Swanky digs. The Q7 keeps a low profile stylistically, and that carries on into the cabin. Yet a whisper is often more convincing than a shout, a philosophy that Audi takes to heart. Nothing about the cabin jumps out at first glance, but look more closely and the details begin to emerge. Leather, wood, and chrome decorate nearly all surfaces above the lower third of the doors and dash; aside from the trim work, nearly everything is soft to the touch and feels curated just for this SUV. Fit and finish is excellent.

Worried about room? You needn't. The legroom in the second row is fairly massive; if you're normal build, your feet won't even be tucked under the front seats unless those chairs are in their rearmost position. Manually adjustable seatbacks allow for a bit of extra recline on long drives, a thoughtful touch that we appreciate. Giant side windows add to the sense of space; it feels as if Audi pillaged this glass from a bus factory. Even models equipped with the headroom-eating panoramic roof don't feel cheated out of usable space.

The third row, on the other hand, is rather tight - it only has 29.2 inches of legroom, and getting in and situated is cumbersome at best. We'd reserve them for the tots, as adults would have a conniption of they were stuck back there for too long.

Keep the third row stowed and the Q7 offers 35 cubic feet of cargo space, which expands to 70 cubes with the second row folded.
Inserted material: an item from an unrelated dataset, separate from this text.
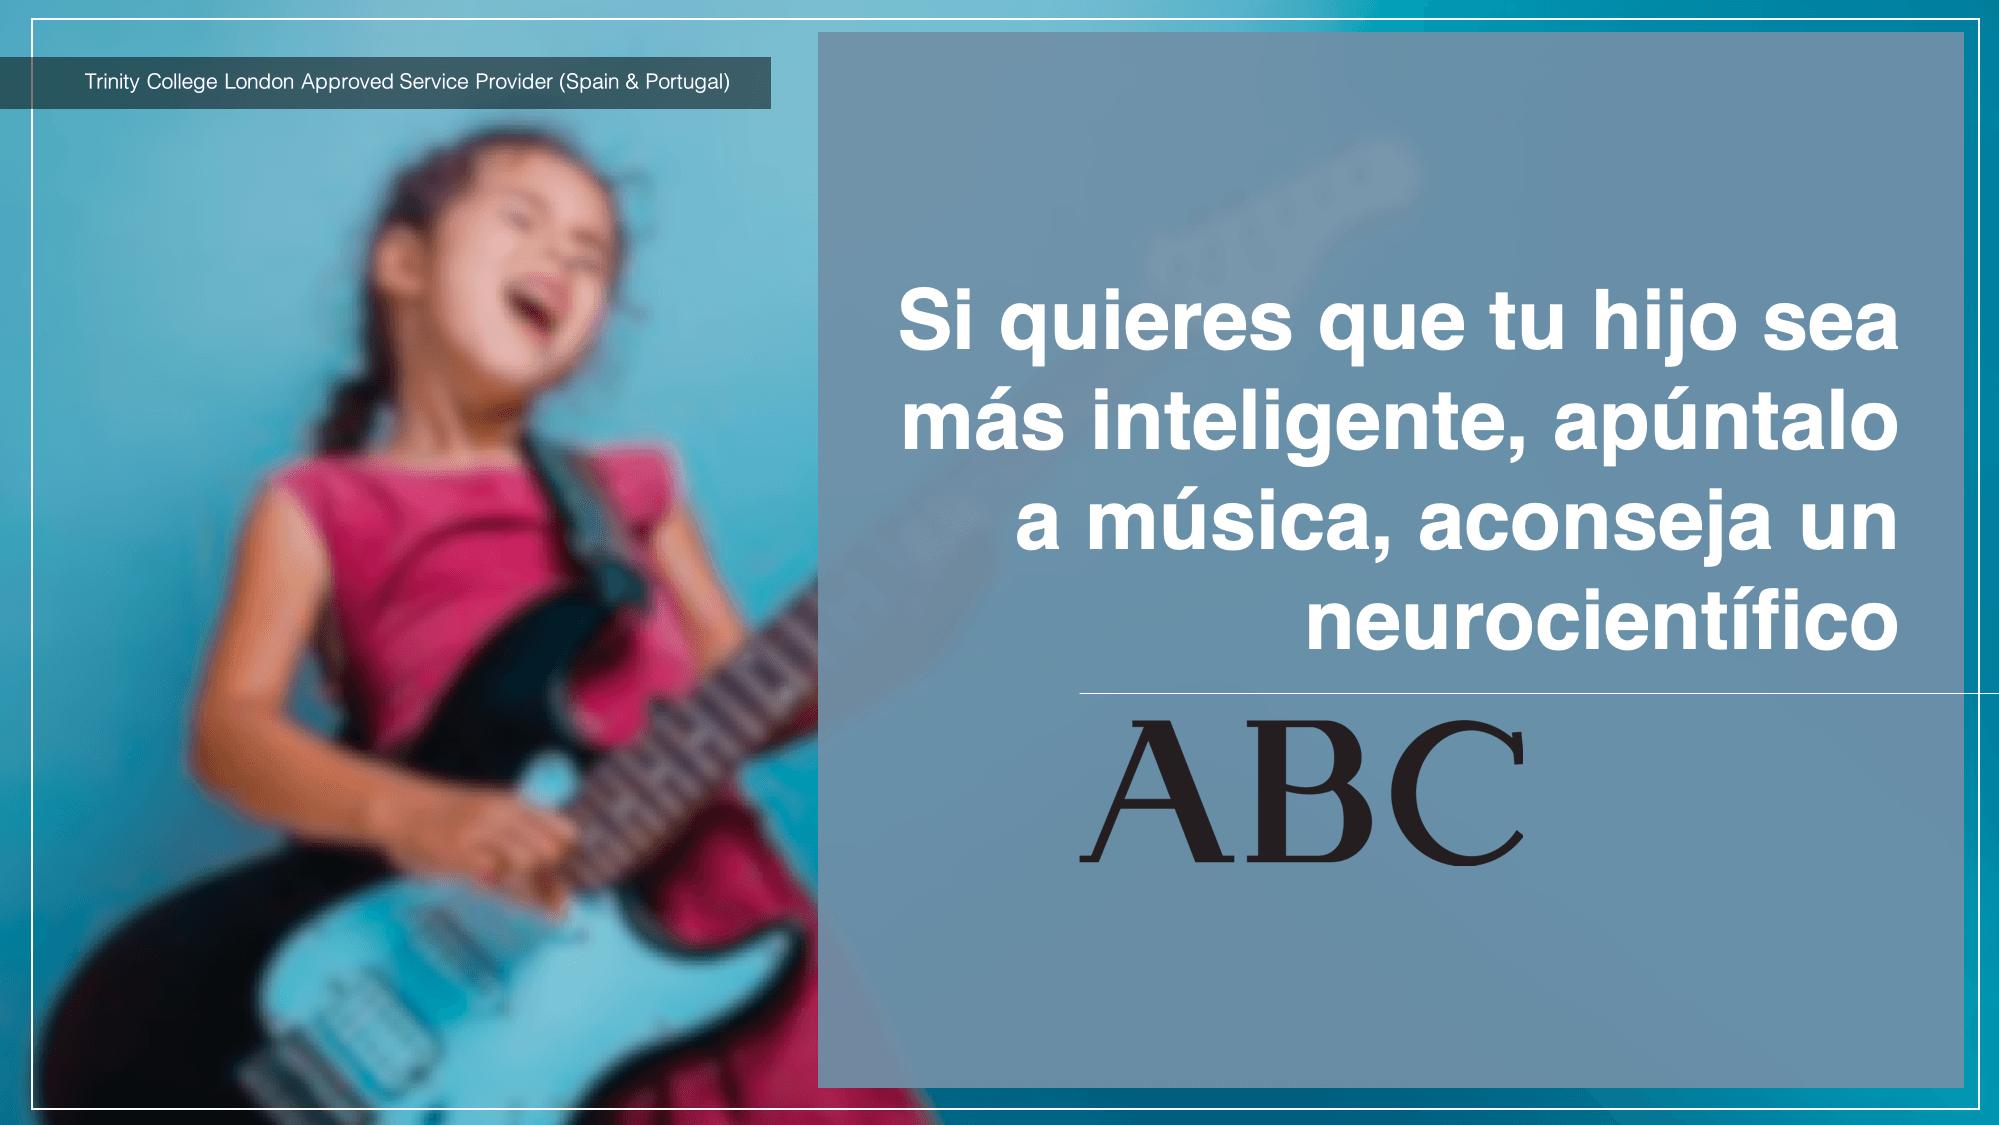 Si quieres que tu hijo sea más inteligente, apúntalo a música Diario ABC

Those figures are well below what both the BMW X7 and Mercedes GLS offer, however.

Tech-happy. Three trim levels gradually pile on the luxuries, but even the least glamorous model still gets a heap of goodies. Our favorite of the features is the digital stuff: Audi's deliciously crisp MMI system and the 10.1-inch touchscreen fixed into the dash.

The former is especially impressive, even to those who are familiar with the latest and greatest of digital dashboards. Audi has rendered theirs exquisitely, and the customizable display is seamless to use and learn. For those who pay the subscription fee to Google Earth, the in-dash mapping feature is a delight. Previously the 12.3-inch MMI cluster had been optional, but it's now standard across the range.
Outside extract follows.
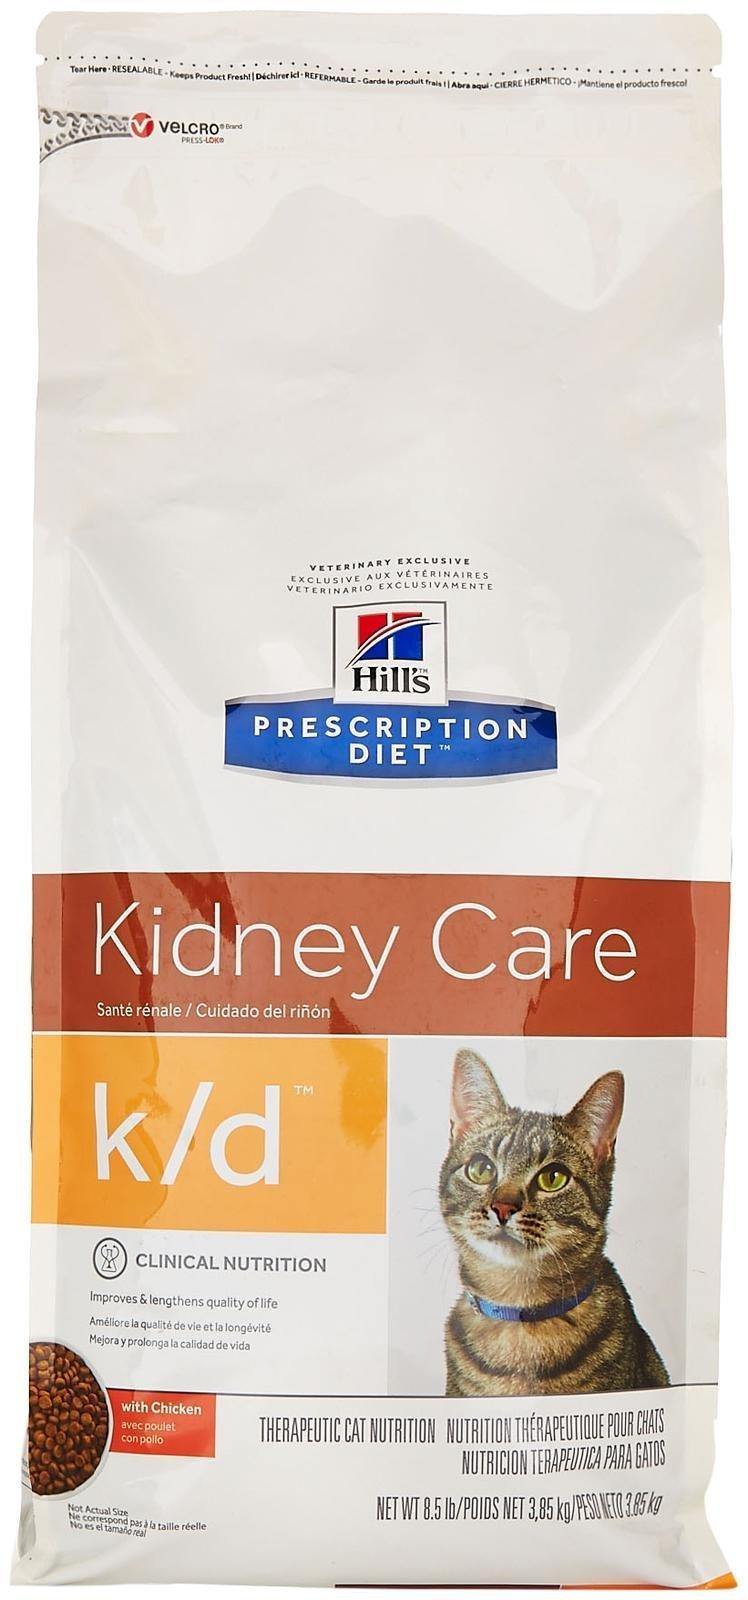 Hill'S Prescription Diet K/D Renal Health Dry Cat Food 8.5 Lbs by HILL'S PRESCRIPTION DIET

As for the touchscreen, it measures 10.1 inches and looks almost like an extension of the glossy passenger-side dash trim. It's a clever disguise - and a clever system. It harbors Apple CarPlay and Android Auto, but the native system is a cinch to use. Technology is Audi's forte, it seems, and that know-how is on display here.

A smaller, 8.6-inch touchscreen resides beneath the larger primary screen. This secondary screen handles the climate control and leaves audio and navigation to the upper system. It too works well, though we'd appreciate some physical controls. It's hard to a quick temperature adjustment on the fly when you're squinting at a screen tucked down out of your peripherals.

Final word. The Audi Q7 is hard to pick apart, mostly because it does so much so well. Want a classy, high-tech interior? Check. How about a trio of powertrains to choose from? Yep. Looking for lots of room and space, wrapped in a stylish package? Again, the Q7 delivers. It requires only financial sacrifice in return for overwhelming excellence - the hallmark of any enduring luxury car, come to think of it.

The Q7 is Audi at its finest, and we're hard-pressed to think of a better three-row luxury SUV.